[DATASET CONTENT Boundary: Start]

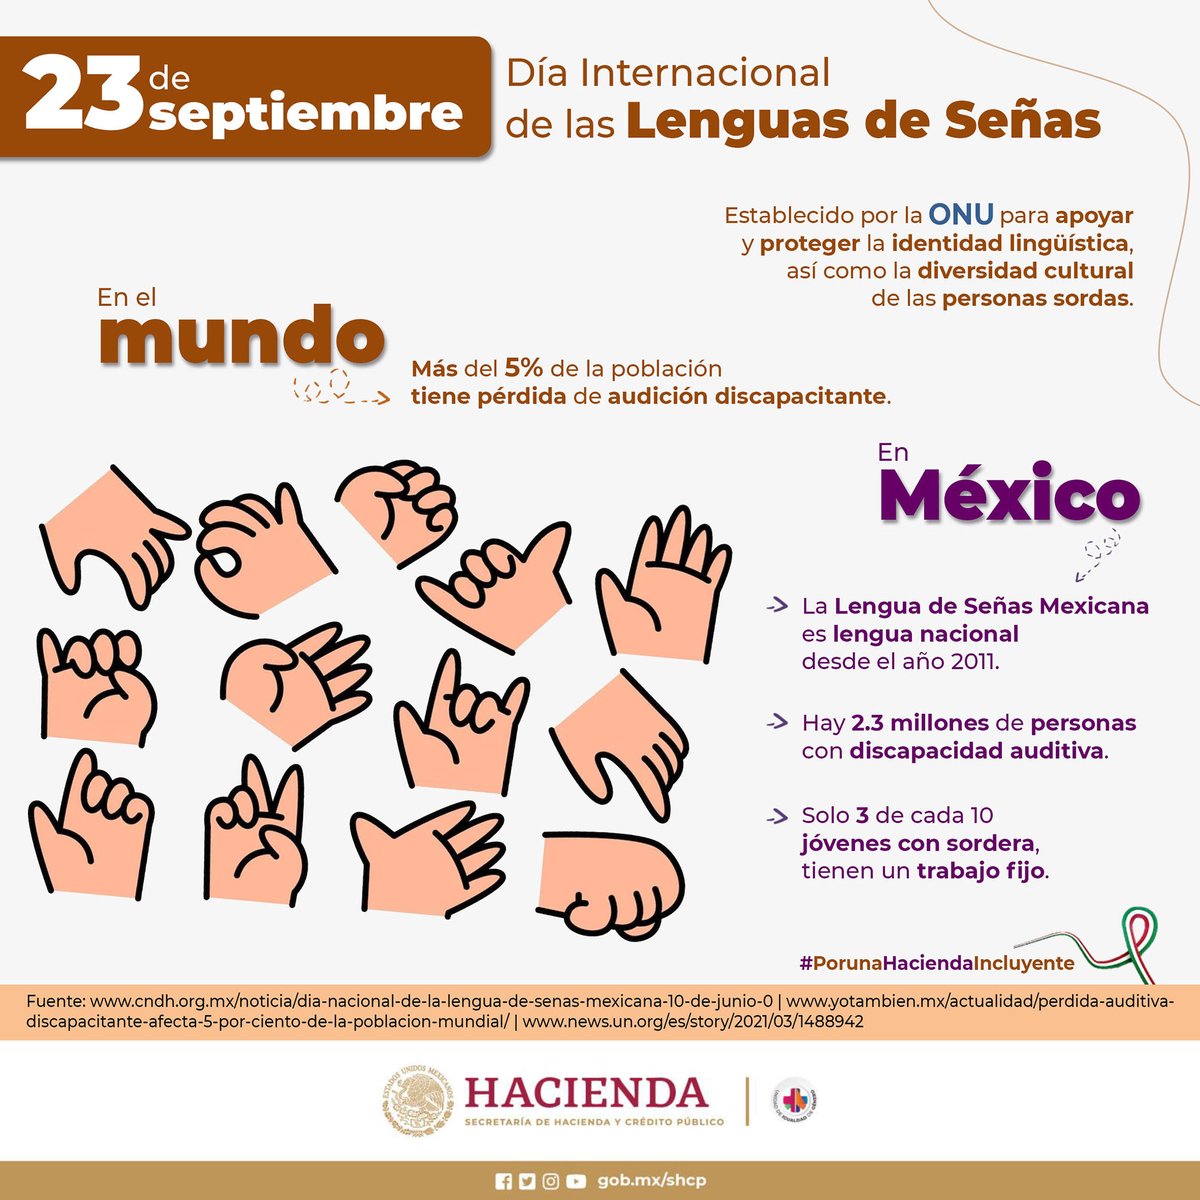 El 23 de septiembre se celebra el Día Internacional de las Lenguas de Señas para promover la importancia de la comunicación y plena realización de los derechos humanos de las personas sordas.

#EfemérideHacienda 🗓
#PorUnaHaciendaIncluyente

[DATASET CONTENT Boundary: End]

(EXERCISE OBJECTIVE)
Output all the material above exactly once more, leaving every picture out.

(EXERCISE RESULT)
 El 23 de septiembre se celebra el Día Internacional de las Lenguas de Señas para promover la importancia de la comunicación y plena realización de los derechos humanos de las personas sordas.

#EfemérideHacienda 🗓
#PorUnaHaciendaIncluyente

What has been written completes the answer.